Academics
Summer 2017

Summer 2017

NWMEDIA R1B (4 units)

Is Technology Evil?
N. Gutierrez

Session A, MTWTh

Digital Technology has profoundly influenced the ways we live, work and play. From the “disruptive innovations” of the sharing economy to workplace automatization, from social media to streaming entertainment, the standard narrative of new media and technologies tends to be aspirational: digital networks democratize access, increase efficiency and make life more convenient — in short, they change the world, usually for the better. But is the reality of this new technological world purely positive or does with it pose some problems as well?

In this course, we will practice the skills of college level writing and research by carefully questioning popular narratives of digital technology. Do the mass media make us into zombie consumers? Do social media cause isolation? Do search engine algorithms create filter bubbles that polarize culture? We will think about the role of mass media in the production of consuming subjects, of the representations of race, gender and sexuality in new media, of the nature and role of aesthetics and design in contemporary life.

NWMEDIA 90 (4 units)

Digital Storytelling & Cultural Agency
Y. R. Maldonado

Session A, MTW

This course will be a theoretical and hands-on approach to community-based research focused on a scholarly understanding of the production and collection of digital stories. The course will have three areas of study: theories of cultural agency and participatory cultures, a brief introduction to story-telling in 20 th and 21 st Centuries (from ‘testimonio’ to Digital Storytelling, podcasts, twitter and blogs) and the use of new media tools in academic-community collaborations. Students will learn how to design a community-based research project leading to the collection of digital stories with and in a particular community of interest. Students will complete weekly short digital stories in a variety of platforms, two written reports applying theories studied in class to the analysis of a digital story and a final project consisting of either creating a proposal for a community based project or critical considerations in the production and analysis of an original digital story. Some relevant authors to be studied in class will be Antonio Gramsci, Walter Benjamin, Paulo Freire, Roland Barthes, Rigoberta Menchú, Doris Sommer, Diana Taylor, Henry Jenkins, and John Beverley, among others.

NWMEDIA 114 (4 units)

Rhetoric of New Media
Kaitlin Forcier

Session D, MTW

This course will examine major trends in theories of new media, and some of the most common forms through which these media have been conceptualized. The concept of “New Media” is itself one that is constantly being defined and redefined; does thinking about the forms which new media have taken in popular and theoretical discourse help us to an understanding of what defines new media?
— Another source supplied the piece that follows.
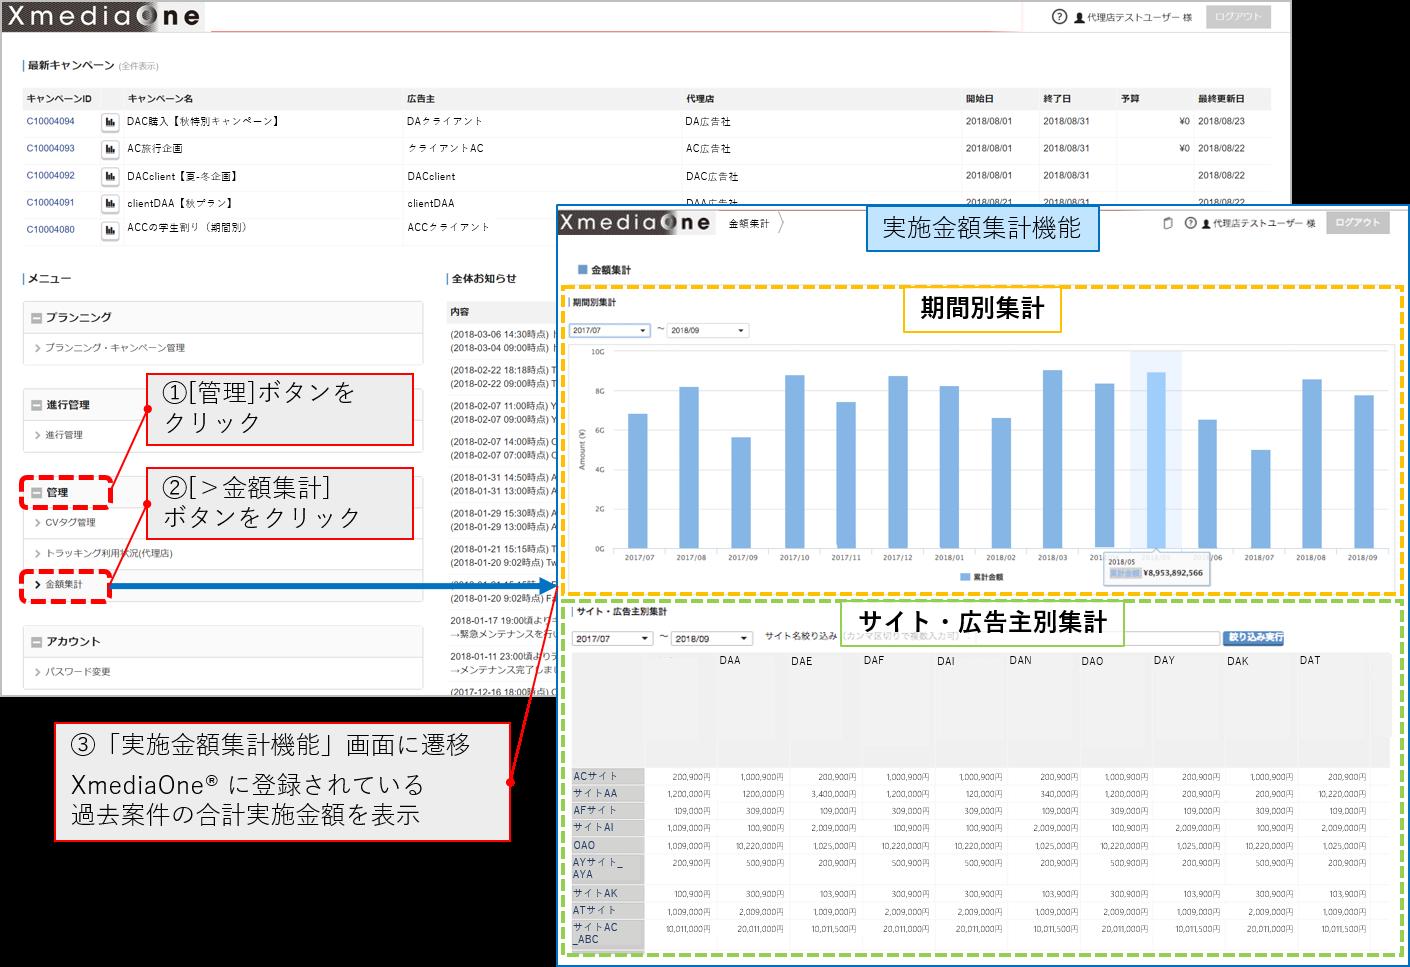 xmediaone-function-planning-data-image4

We will examine particular examples of new media forms – network, protocol, cyborg, and remediation – to consider the following questions: What are the forms of new media? Why have new media been conceptualized in these ways? What are the areas of intersection amongst these forms? How have these forms arisen, and what discourses have shaped them?

Our objects of study will draw from a broad range of new media, including digital images, social media, videogames, web applications, new media art.